__TASK TO COMPLETE__:
Make an exact copy of the listing below. Pictures stay out of it.

__DATA EXTRACT__:
/---

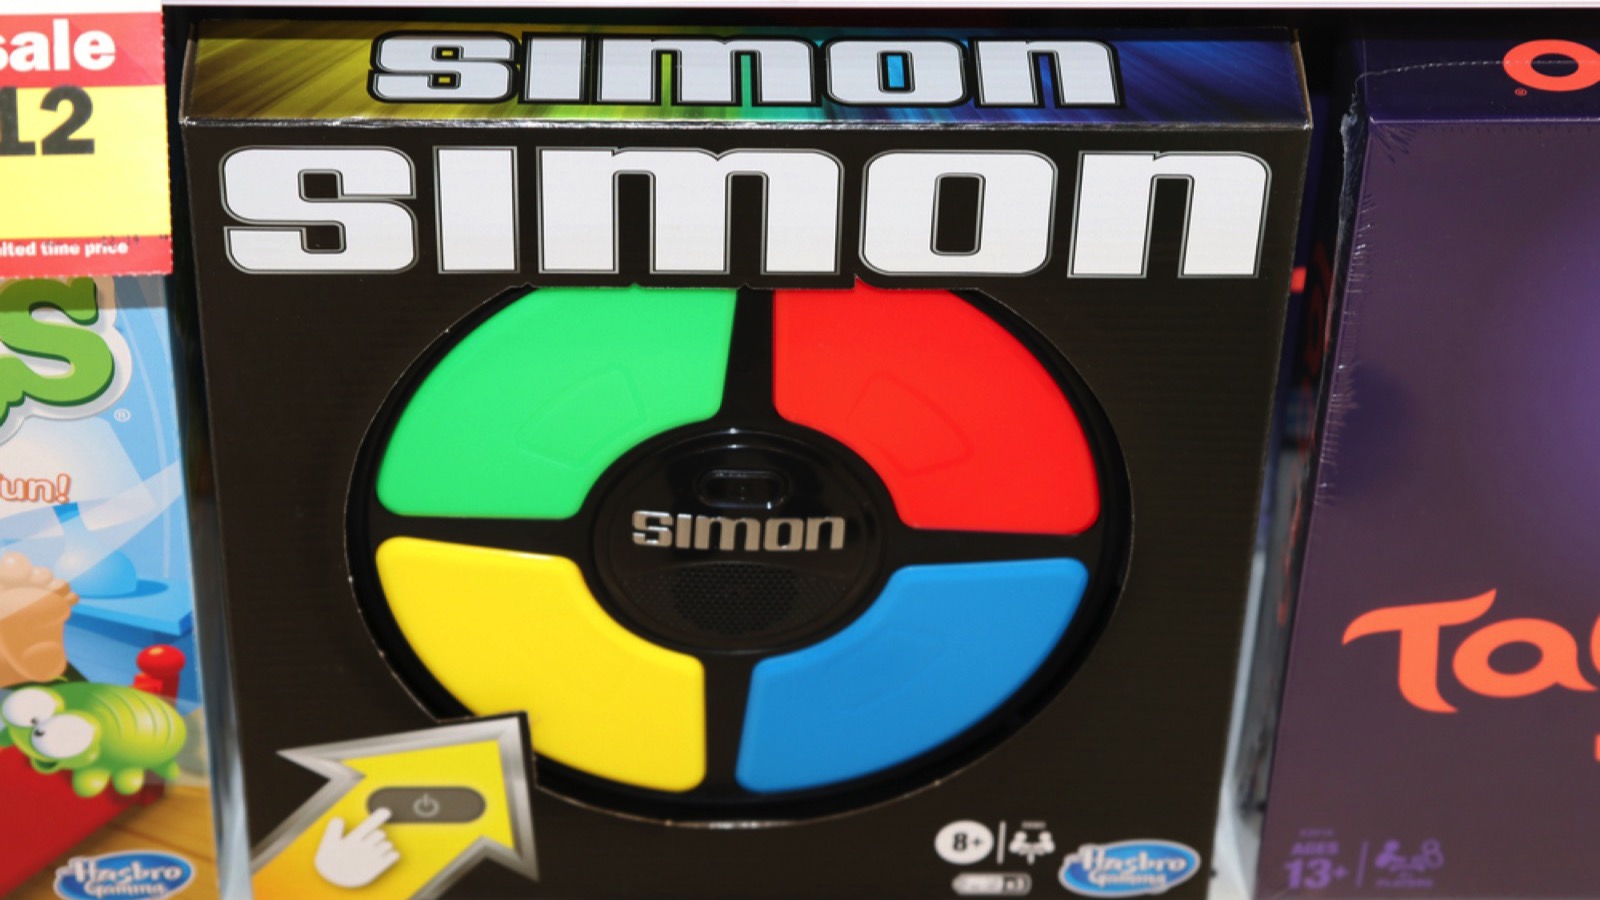 Simon Says game
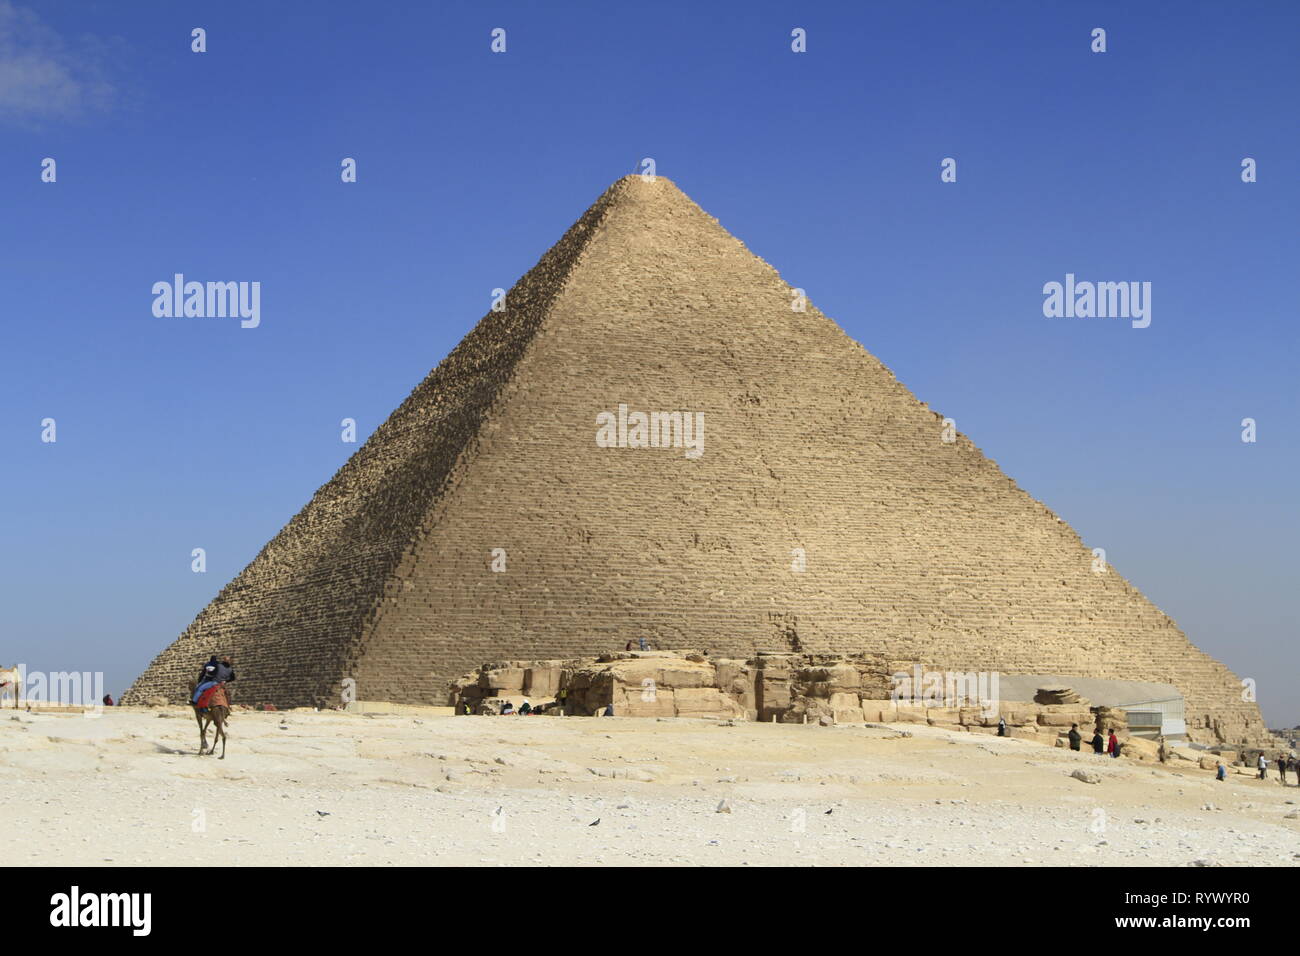 Les cavaliers de chameau au premier plan et la Grande Pyramide d'Égypte en arrière-plan, complexe Pyramide de Gizeh, Le Caire, Egypte Banque D'Images
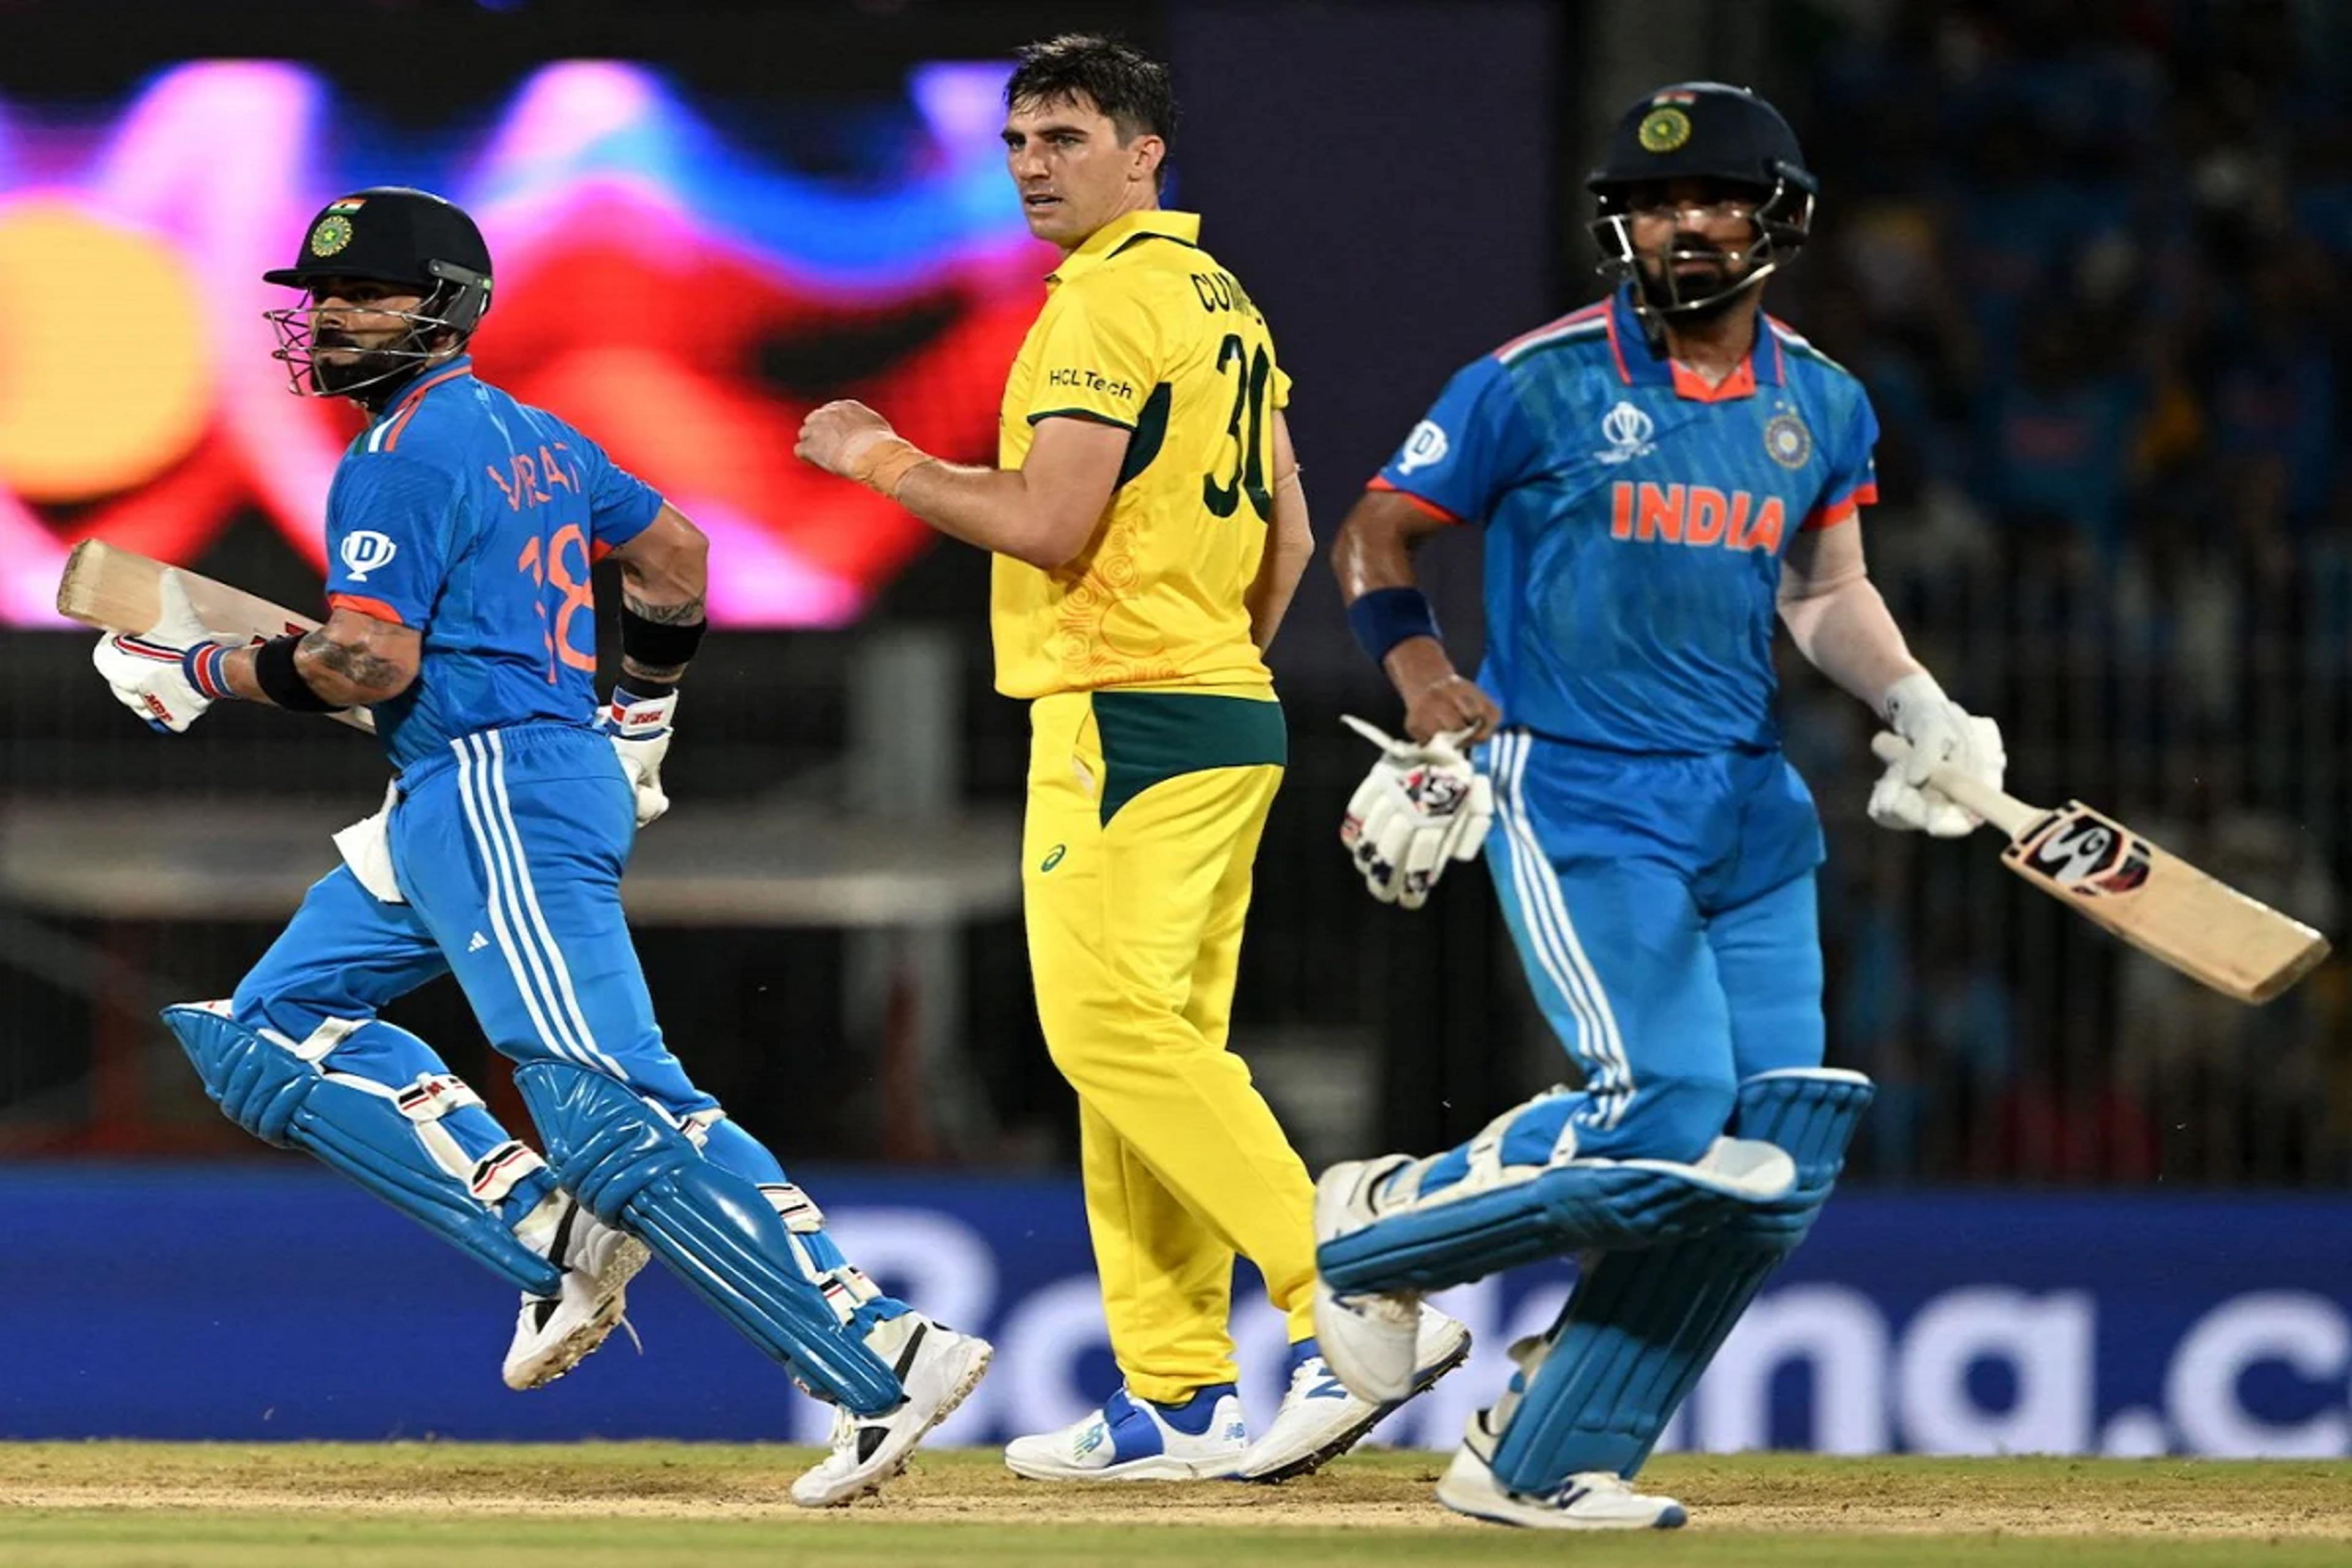 विश्व कप फाइनल की 97 गेंदों में भारत से नहीं लगा एक भी चौका-छक्का, क्या कर रहे थे कोहली-राहुल?

\---

__OUTPUT BELOW__:
 Simon Says game
 Les cavaliers de chameau au premier plan et la Grande Pyramide d'Égypte en arrière-plan, complexe Pyramide de Gizeh, Le Caire, Egypte Banque D'Images
 विश्व कप फाइनल की 97 गेंदों में भारत से नहीं लगा एक भी चौका-छक्का, क्या कर रहे थे कोहली-राहुल?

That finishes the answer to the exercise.